ORM Is Offensive, So Replace It With ORM?

A recent “Weekly Feature” on DZone decries the use of Object-Relational Mapping (ORM) calling it “offensive” and an “anti-pattern”. The author then purports to show a better approach, which is, in my opinion, worse. Why? Because they essentially kept ORM, just in a different (and worse) form.

Unsubstantiated Assertions

The author’s assertion is that ORM is bad because of a number of problems. First, it makes the data objects “dumb and passive data bags”. Second, it requires that SQL or HQL is “exposed to the entire application”. They also go on about how it is difficult to test.

To support these assertions, the author links to other blog posts, few of which actually support his main argument about ORM being bad. Sure, ORM isn’t viewed very highly. It does come with compromises, and I expect someday someone will come up with a “better way”. All I know is that I don’t have one, and the solution proposed by the article’s author isn’t an improvement, it is worse. It is, in some ways, a step backwards.

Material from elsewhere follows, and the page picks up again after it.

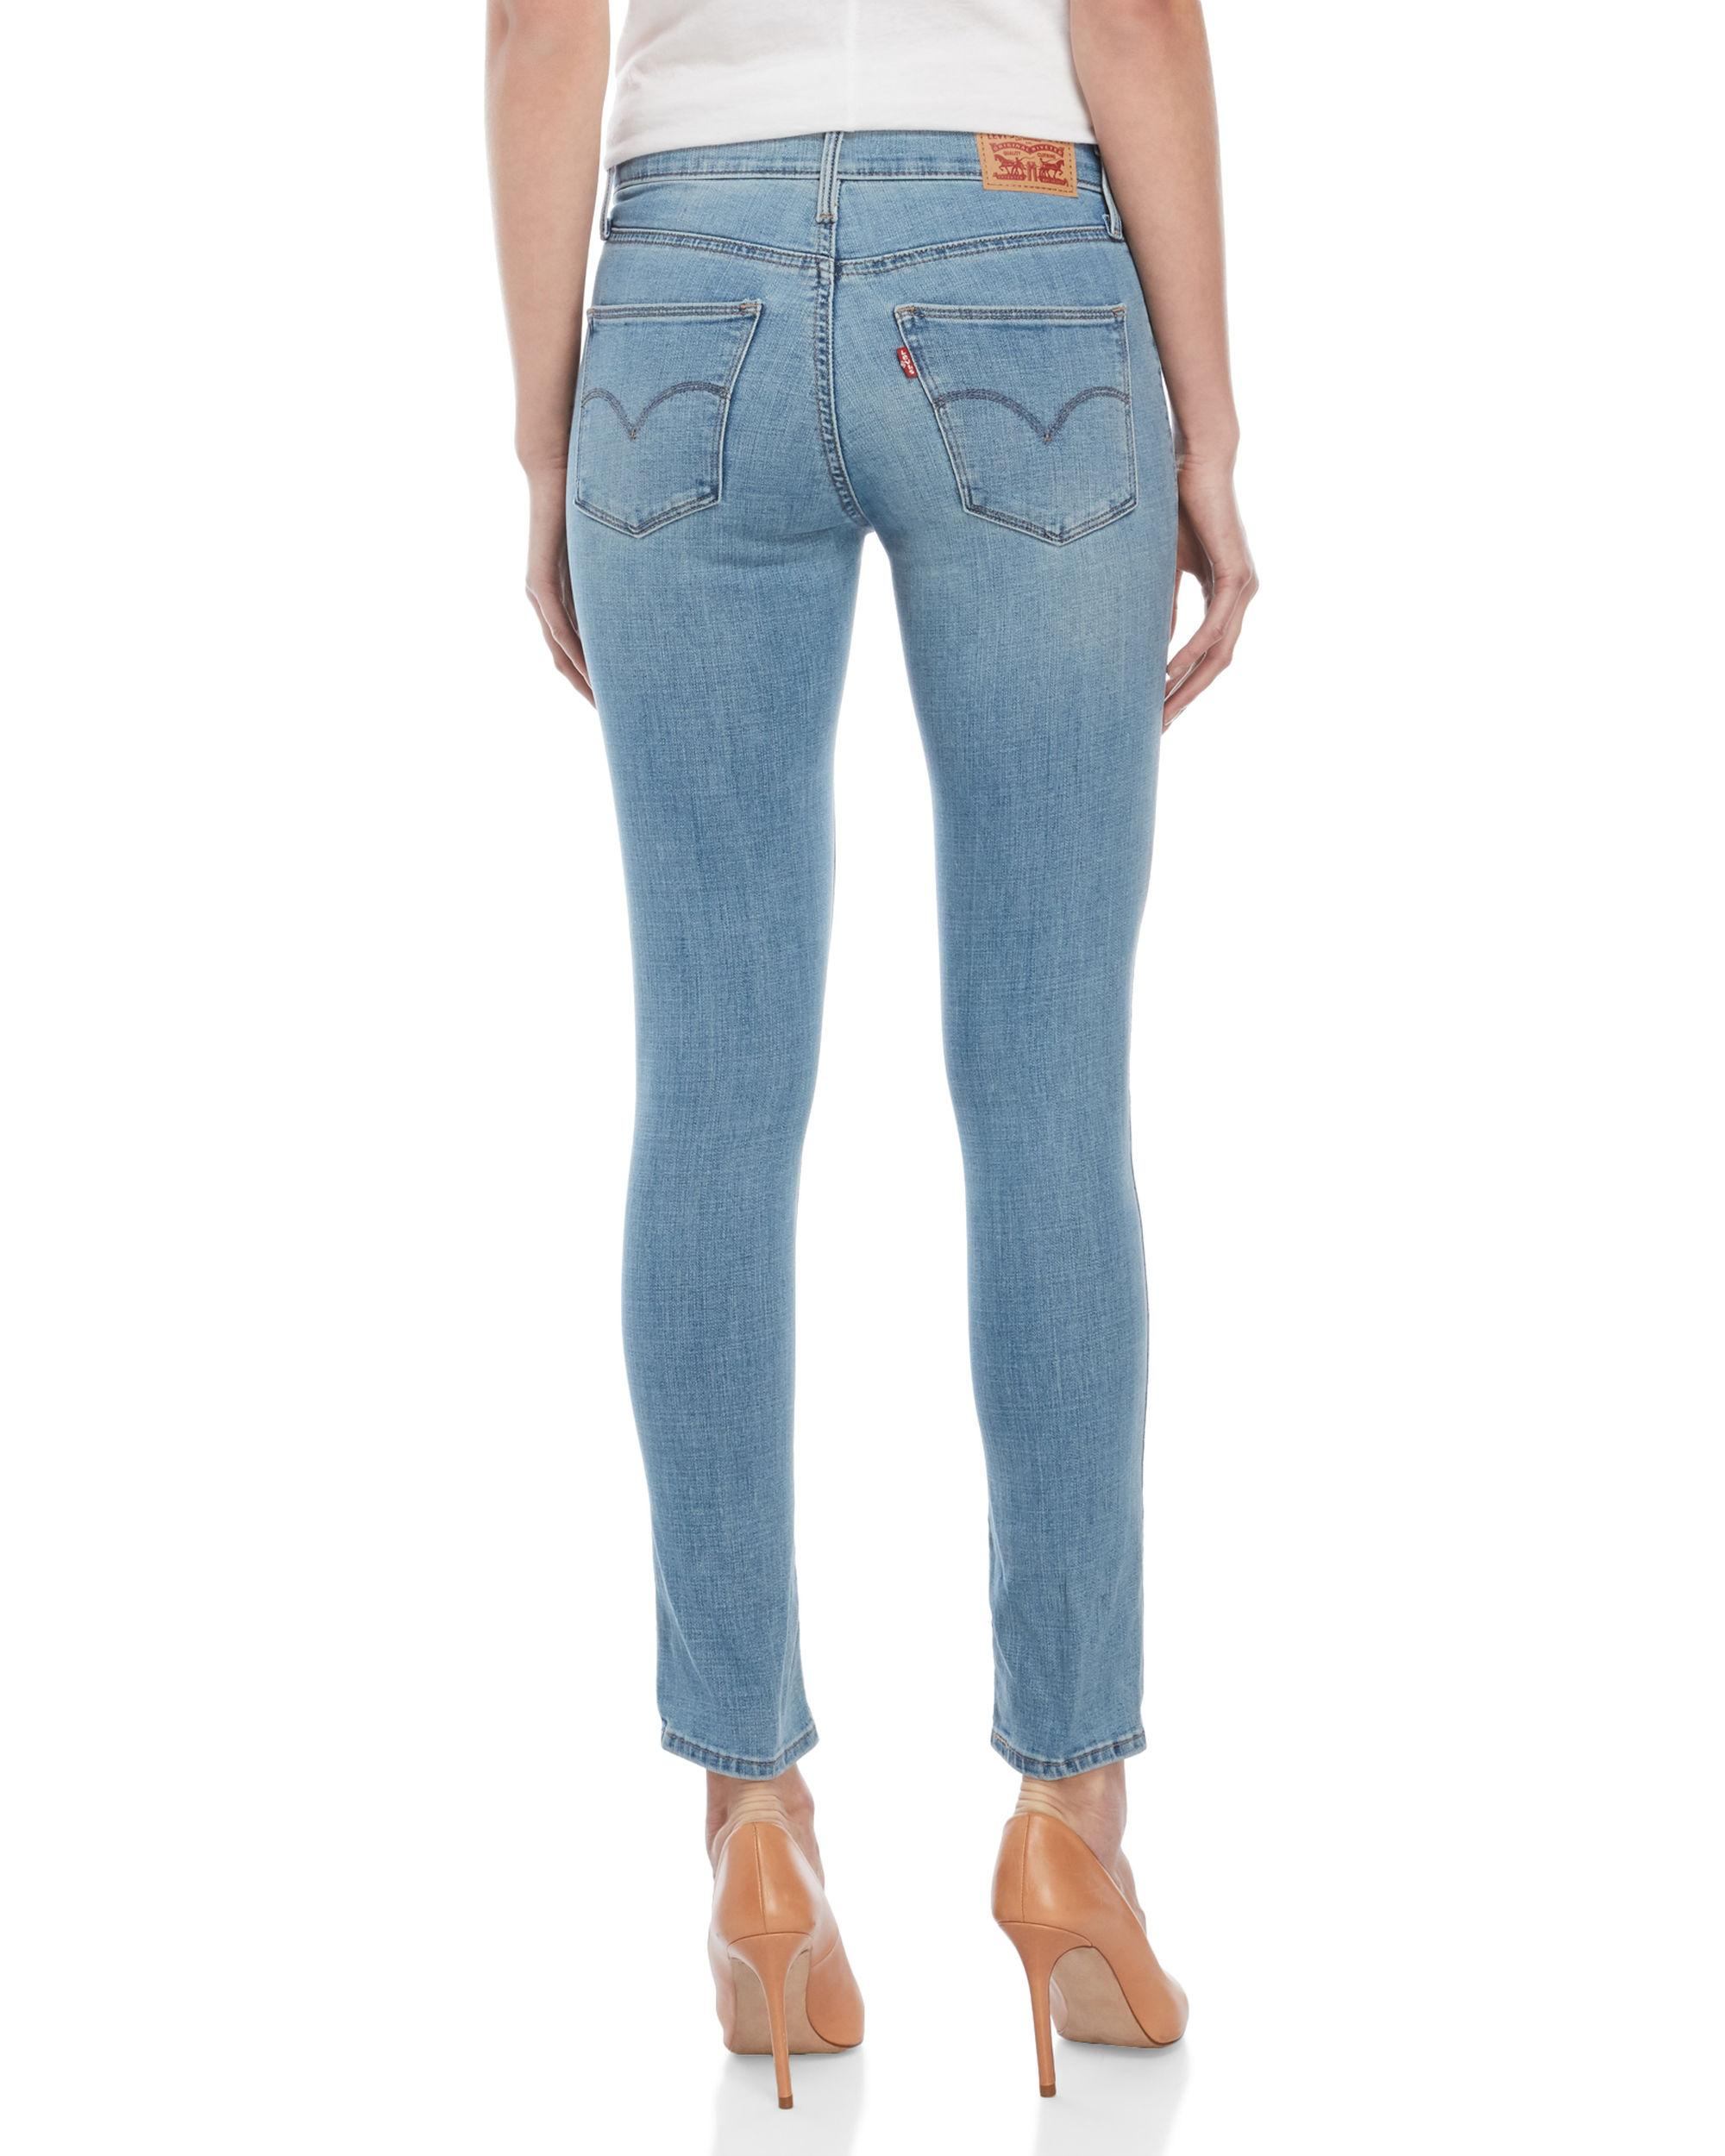 Starry Slimming Jeans Lyst Blue In Levi's Bright Skinny lK1TFJc3

An ORM By A Different Name

First, the “objects that speak SQL” approach was what we did before 3rd-party ORMs came along. SQL got scattered about through the data objects. They knew how to persist and retrieve themselves. Of course, it meant that an object needed to know every way there was to retrieve itself. And then, when you changed to some other persistence technology, you had to go through every object and figure out how to deal with the new approach. But if you wanted to keep the existing implementation (because, for either technical or business reasons, you needed both) then the objects got more and more complicated.

This is still ORM, just not ORM in a single, central, abstract implementation. If you are persisting objects to a relational database, you have to map the columns to data elements in the object. Giving it a different name doesn’t change the fact that it is still ORM. I can paint black spots on a horse. That doesn’t make it a leopard.

ORM Means Passive/Active?

But what about their assertion about the data objects being passive? Sorry, but ORM has little or nothing to do with that. A data object still has a defined contract for how the data is used and manipulated, and can provide the appropriate features to make the object smart and/or active if necessary. Hibernate, as an example, doesn’t require that your objects do nothing but be a dumb container for data. ORM’s provide the tools to map the data to and from database columns. It doesn’t impose other restrictions like “objects can’t be active”.

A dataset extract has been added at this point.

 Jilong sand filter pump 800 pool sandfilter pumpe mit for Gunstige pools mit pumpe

Moving the mapping from an external component into the object doesn’t make it “smart” or “active”. It just makes it more complicated. Now a data object can’t just focus on being really good at dealing with their data, doing things like ensuring consistency and correctness, or enforcing rules around security and access. That object now has to also know about persistence, and possibly persistence with multiple different technologies and approaches. The data object can’t do “one thing well”. It now has to do a lot of things well.

The Object Knows Too Much

This “objecting speaking SQL” approach ultimately means that an object knows too much. It makes them more complicated, and it doesn’t make database migration any easier (a supposed trait from the author’s solution). An object needs to know how to persist itself, as well as which service it needs to persist itself each time it is used.

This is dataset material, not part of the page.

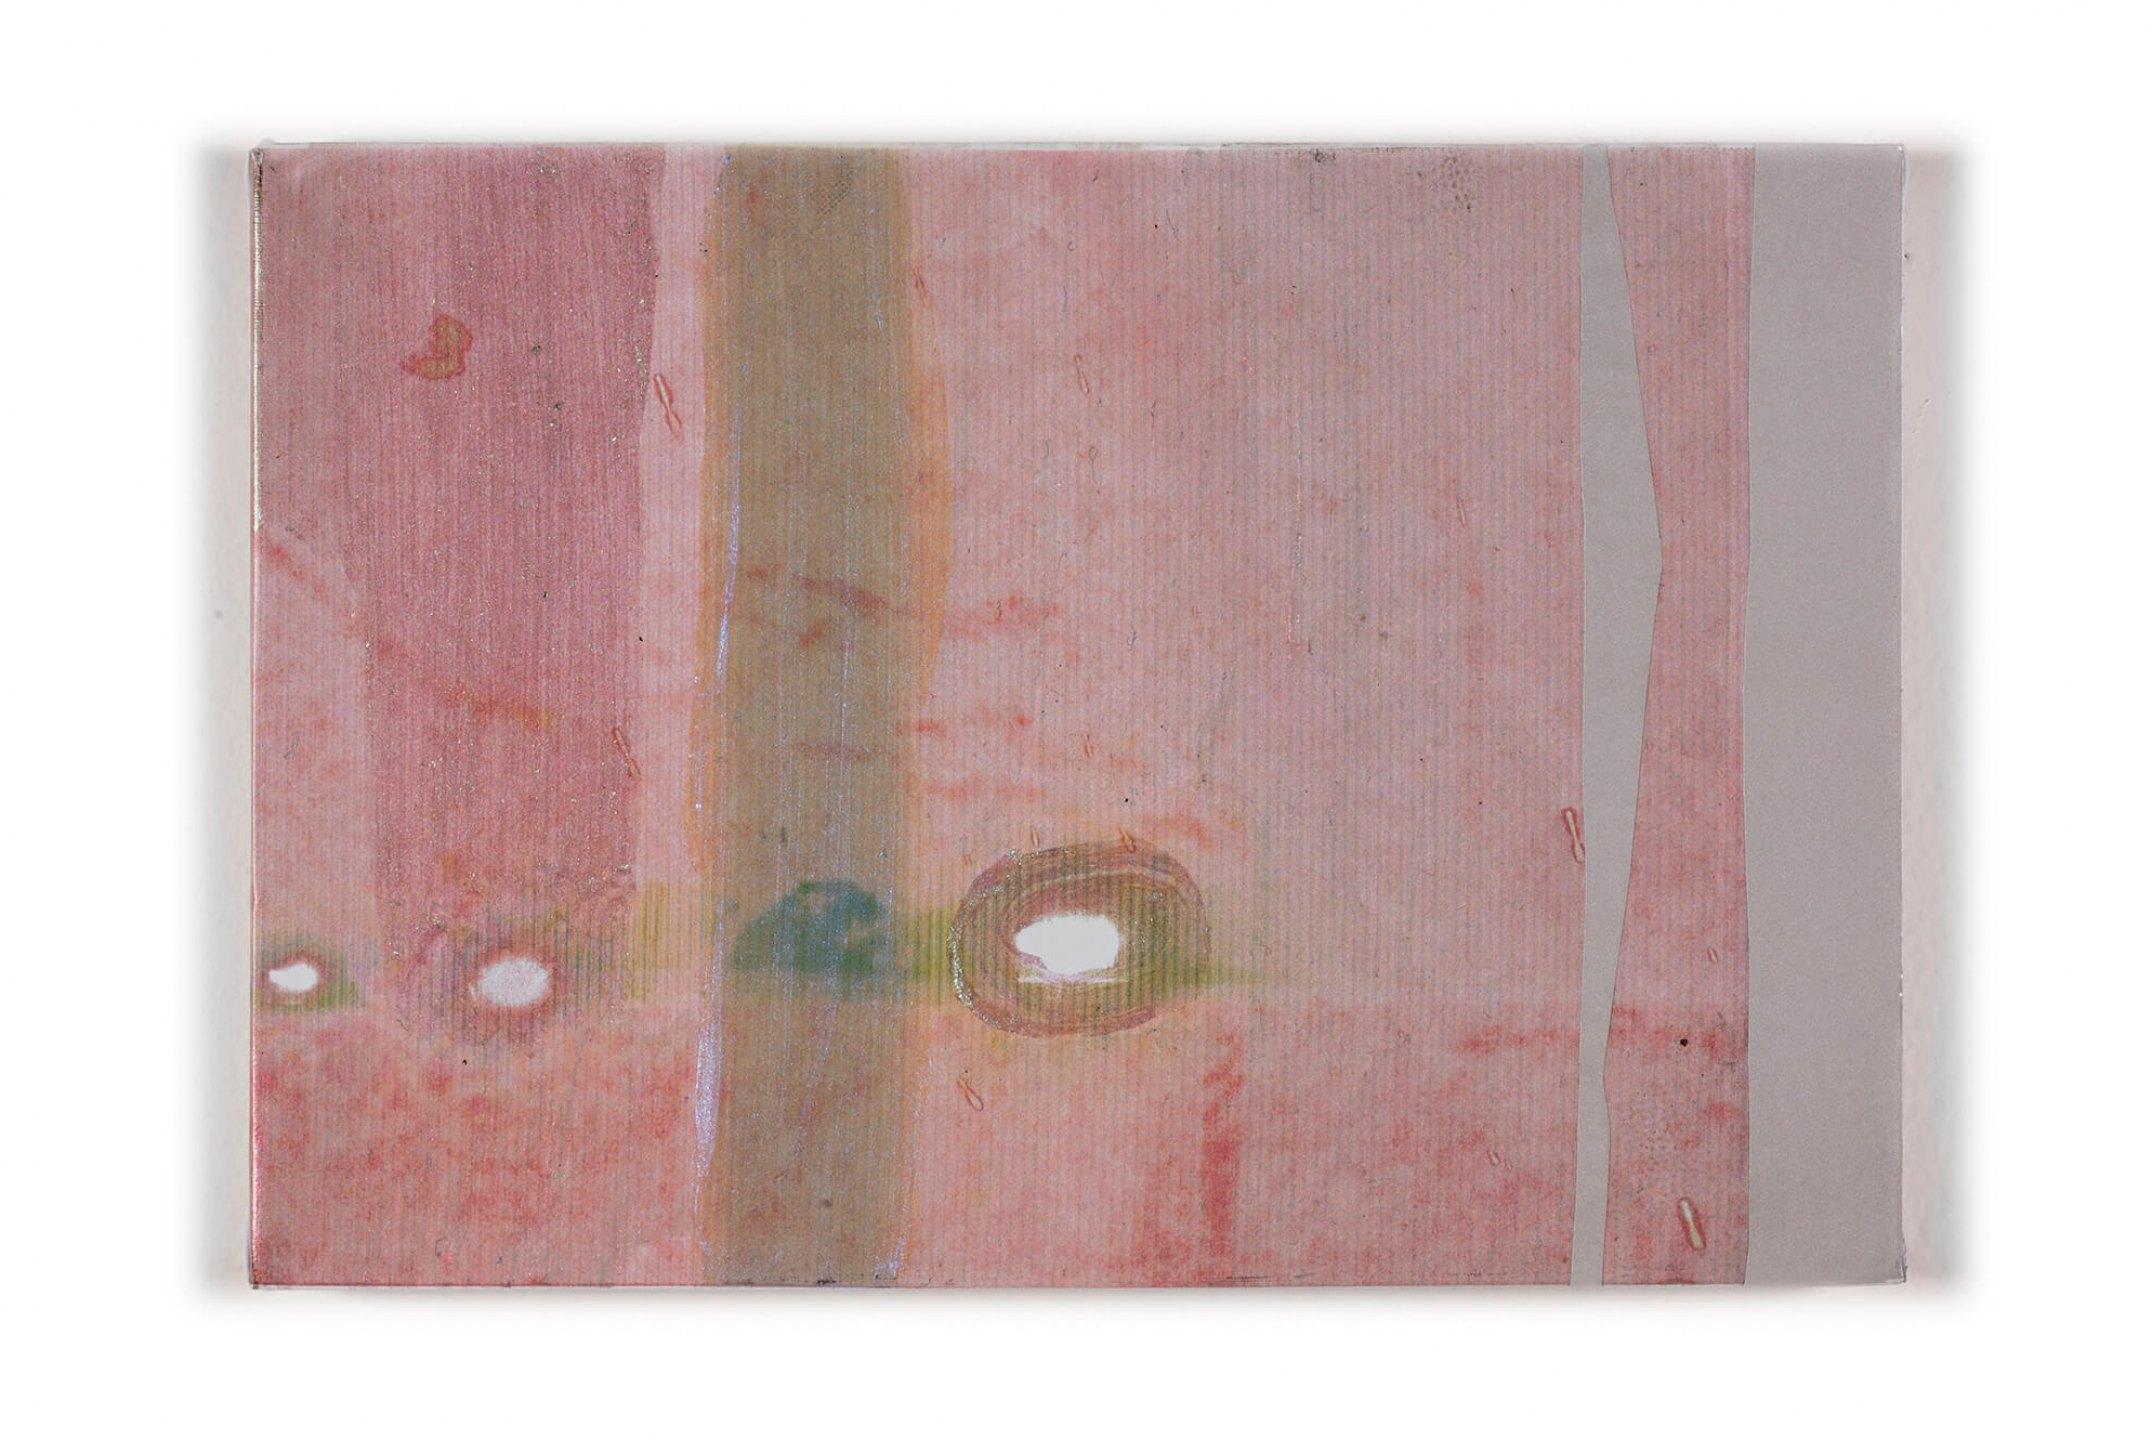 Marina Perez Simão,<em>Untitled</em>, 2013, pigment and reflective on block-out canvas, 35 × 24 cm - Mendes Wood DM

Consider a data object implementation that is used in a couple different parts of the system. In one part, the system uses MySQL. Another part of the system, re-using the object for a slightly different purpose, uses MongoDB (okay, not strictly ORM, but you can still use something like Hibernate to abstract away the persistence bits). If I use Hibernate, I can have the one system instance start up configured to use MySQL. The other instance can fire up and use MongoDB. The rules are in the Hibernate configuration files. The data objects don’t know and don’t care which is being used at the time.

A Simpler Abstraction

Again, using an ORM may not be perfect, but it is generally better than “objects know how to persist themselves” for a couple of reasons. First, it means you can centralize the mapping, and that other parts of the system can choose what type of persistence to use. It means adding a new data store, using different technology, will mean focusing on fewer places to deal with the mapping. If the database itself changes, then you are changing the mapping rules, and not the objects themselves.

Second, it keeps the objects simpler because they can focus on whatever their particular task or role is. They aren’t also burdened with figuring out the solution (or 2 or 3 or 8 different solutions) for being saved and retrieved.

Ideally, an object does “one thing well” and nothing beyond that. An ORM makes that possible. Scattering different implementations in each and every object does not.